Бросив на меня торжествующий взгляд, она показала окровавленный наконечник, бросила его в реку, подняла руки и запрокинула лицо к летнему небу. Потом завопила, привлекая внимание богов, а когда ее вопль утих, снова повернулась ко мне.
— Ты проклят, Утред, — сказала она таким тоном, словно говорила о погоде.
Я подавил желание прикоснуться к амулету-молоту у себя на шее, потому что, поступив так, я показал бы, что боюсь ее проклятий. Вместо этого я глумливо усмехнулся, притворяясь, что отмахиваюсь от ее слов.
— Трать попусту дыхание, сука, — сказал я.
И все-таки я опустил руку на меч и потер пальцем серебряный крест, вставленный в рукоять Вздоха Змея. Крест для меня ничего не значил, если не считать того, что это был подарок Хильды, моей бывшей любовницы, а теперь — невероятно набожной аббатисы. Думал ли я, что, прикасаясь к кресту, заменяю тем самым прикосновение к молоту? Боги бы так не подумали.
— Когда я была ребенком, — внезапно проговорила Скади все тем же небрежным тоном, как будто мы были друзьями, — мой отец избивал мою мать до потери сознания.
— Потому что она была похожа на тебя? — спросил я.
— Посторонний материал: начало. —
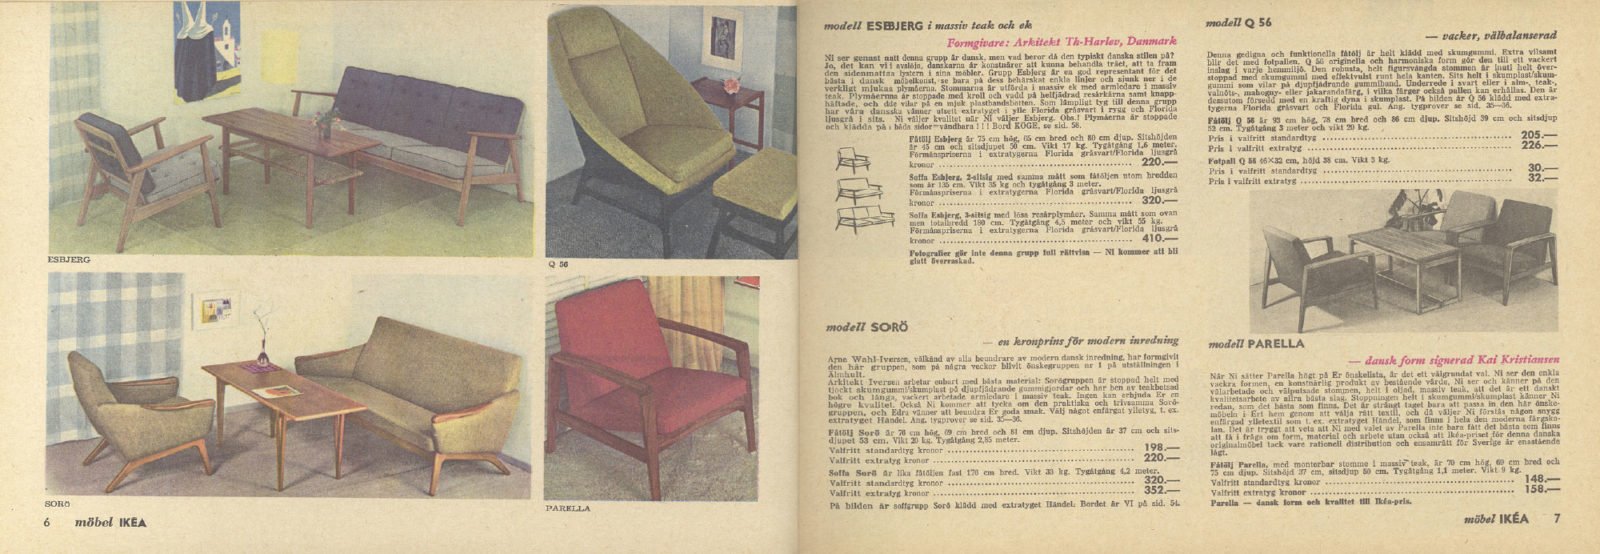 Uppslag i IKEA katalogen 1960 med foton av enkla rumsinteriörer och, till höger, beskrivningar av möbler.
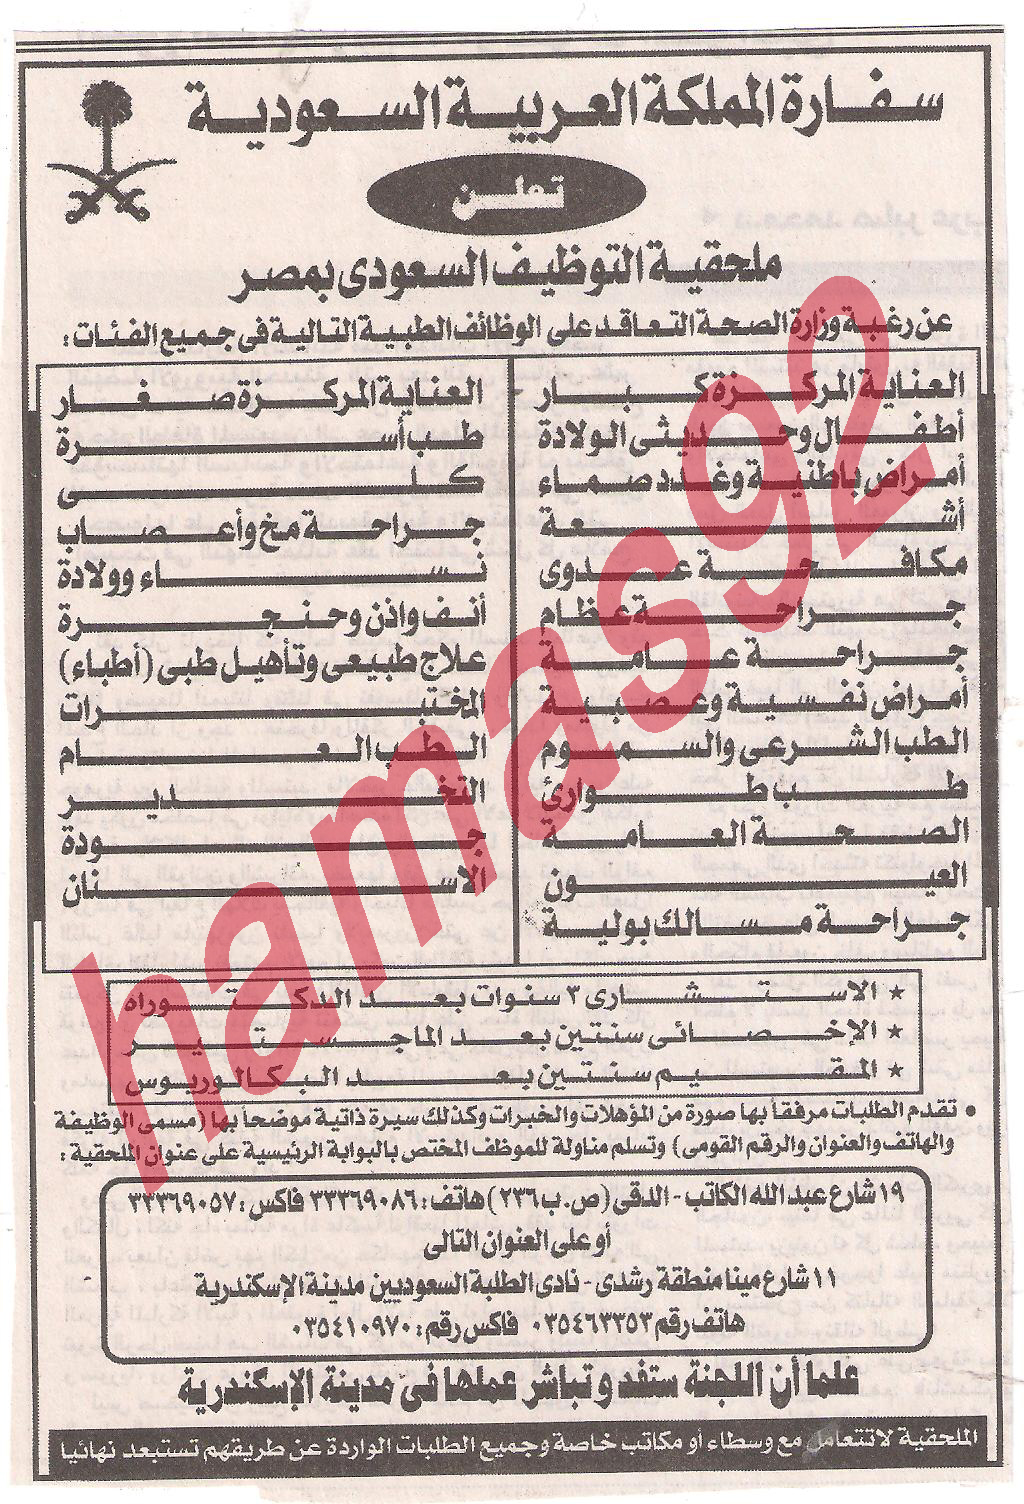 إعلانات وظائف جريدة الاهرام ليوم الاربعاء 28 سبتمبر 2011  Picture+003

Она не обратила внимания на мою реплику.
— Он сломал ей ребра, руку и нос, — продолжала она, — а после, в тот же день, забрал меня на высокие пастбища, чтобы я помогла пригнать обратно стадо. Мне было двенадцать лет. Я помню, как падали снежинки и как я его боялась. Мне хотелось спросить, почему он ранил мою мать, но я не хотела подавать голос, чтобы он и меня не избил. Но потом он все равно мне сказал. Он сказал, что хочет выдать меня замуж за своего ближайшего друга, а моя мать против. Мне тоже была ненавистна мысль о таком браке, но он сказал, что я все равно выйду за этого человека.
— Предполагается, что я должен испытывать к тебе жалость? — спросил я.
— Поэтому я столкнула его с обрыва, — сказала Скади. — И я помню, как он падал сквозь снежинки, а я наблюдала, как он отскакивает от скал, и слышала, как он кричит.
Она улыбнулась.
— Я оставила его там. Он был еще жив, когда я согнала стадо вниз. Я перелезла через скалы и помочилась ему на лицо, прежде чем он умер.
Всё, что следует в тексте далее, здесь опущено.